- Born: 15 July 1965 Matrei in Osttirol, Austria
- Died: 8 September 2008 (aged 43) Vienna, Austria
- Education: University of Vienna
- Occupation: Curator of the Sigmund Freud Museum
- Parent(s): Andrä & Gretl Marinelli

= Lydia Marinelli =

Austrian historian, editor and academic author

Lydia Marinelli (15 July 1965 - 8 September 2008) was an Austrian historian, editor, and curator whose speciality was the history of psychoanalysis. She was the curator of the Sigmund Freud Museum in Vienna.

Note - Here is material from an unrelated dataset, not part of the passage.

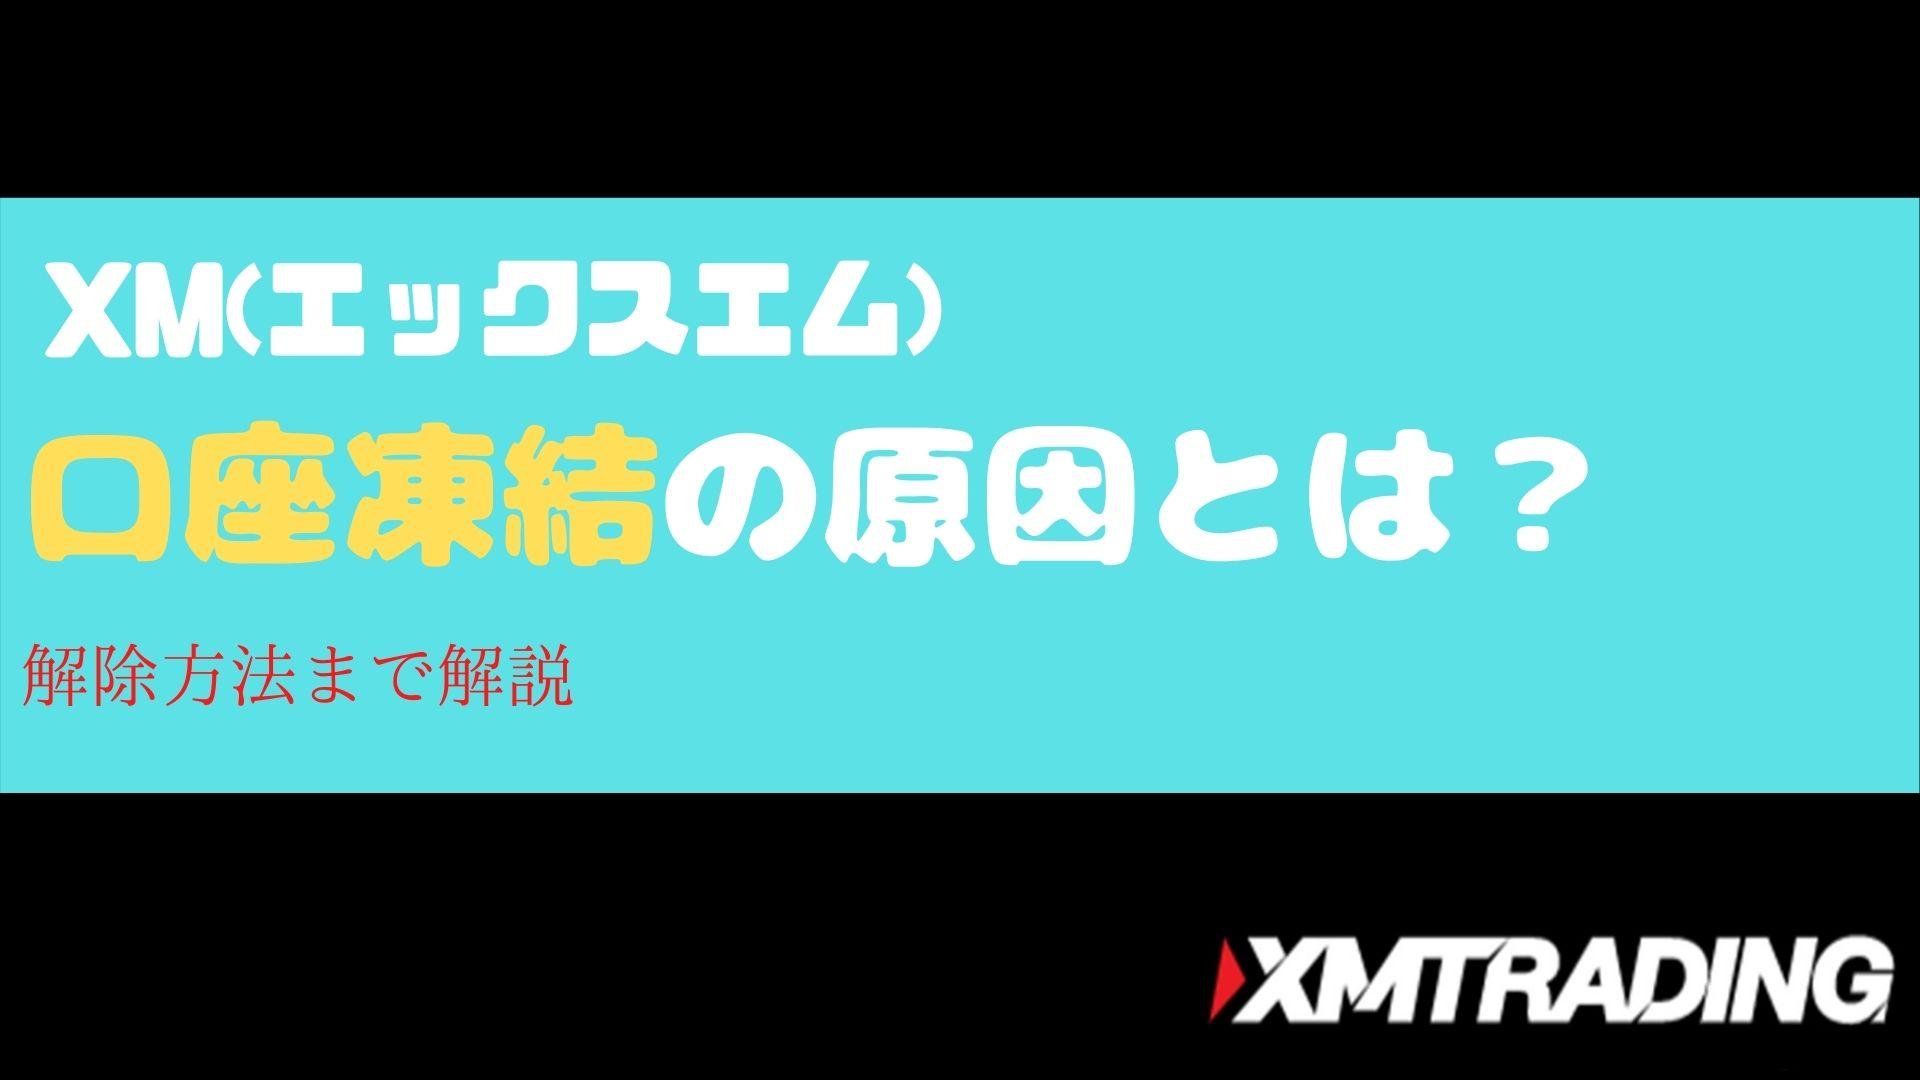 xm-account-freeze-title

Marinelli committed suicide. (Note: "Ihr Tod Anfang dieser Woche im Alter von nur dreiundvierzig Jahren beraubt uns einer der originellsten Geisteswissenschaftlerinnen ihrer Generation".Michael Hagner, 2008)

==Life==
Marinelli was born at Matrei, a relatively isolated little town north of Lienz, high in the mountains of East Tyrol. There were at least four siblings. She studied History, Literature and Philosophy at the University of Vienna, graduating in 1990. In 1992 she took a research fellowship with the Sigmund Freud Society, later becoming a curator at the foundation's Sigmund Freud Museum at Berggasse 19. Marinelli received her doctorate from the University of Vienna in 1999 for a dissertation entitled "Psyches Kanon – Zur Publikationsgeschichte der Psychoanalyse rund um den Internationalen Psychoanalytischen Verlag", concerning the publications on psychoanalysis produced by the highly influential so-called "International Psychoanalytic Publishing House" which operated in Vienna between 1919 and 1938. It was characteristic that Marinelli combined her work on the dissertation with a small (and very well reviewed) exhibition on the same themes which she was preparing for the Freud Museum. The dissertation subsequently provided a basis for several works adapted and published by colleagues after her death.

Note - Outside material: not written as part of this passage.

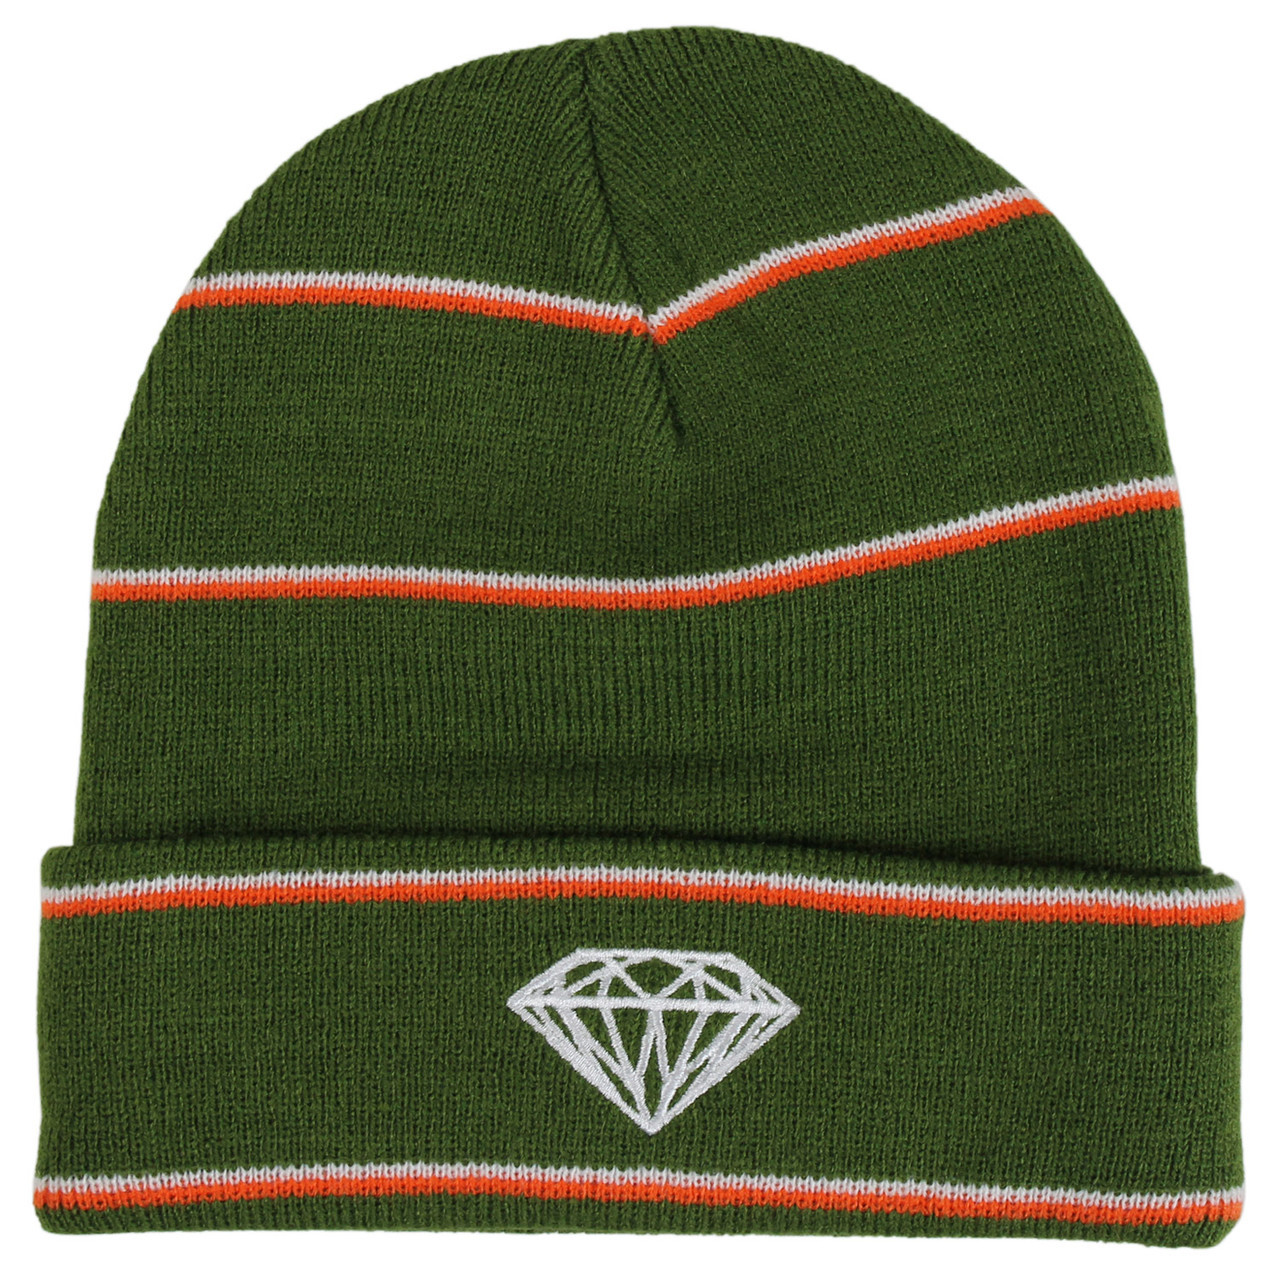 587f730d335 Diamond Supply Beanie Striped Green Orange White

In 2003/04 Marinelli became "Director of the Research Division" ("wissenschaftliche Leiterin") at the Sigmund Freud Foundation, retaining the post for the rest of her life.

Although the focus of her professional career was on Vienna, Lydia Marinelli was an enthusiastic networker and communicator, notably when it came to encouraging a less polarised and ossified approach to the study of Sigmund Freud. She was an academic researcher at the Library of Congress in Washington, D.C. In 2008, shortly before her death, she also became a "visiting scholar" and stipendiate at the Max Planck Institute for the History of Science in Berlin. She authored a number of papers and articles, sometimes one her own and sometimes jointly with colleagues. Topics to which she repeatedly returned included the History and Theory of Psychology, Dreams and Sigmund Freud. She was also constantly fascinated by with continual changes in the history of media treatment of psychology and related subjects. Her written contributions often coincided with exhibitions that she staged, generally at the Sigmund Freud Museum. She also taught as an outside lecturer at the University of Vienna.

==Exhibitions==
Lydia Marinelli became known for the imaginative and thought provoking exhibitions that she staged at the Sigmund Freud Museum. Many were specialist, tightly targeted and low-key. At least four of her more substantial exhibitions at the museum attracted wider notice, however:

- 1995 "Internationaler Psychoanalytischer Verlag" ("International Psychoanalytic Publishing House"
- 1998/99 "Meine ... alten und dreckigen Götter, Aus Sigmund Freuds Sammlung" (loosely "My old grubby gods, from the collection of Sigmund Freud")
- 2003 "Freuds verschwundene Nachbarn" ("Freud's disappeared neighbours")
- 2006 "Die Couch. Vom Denken im Liegen" (loosely, "The couch. Thoughts while lying down")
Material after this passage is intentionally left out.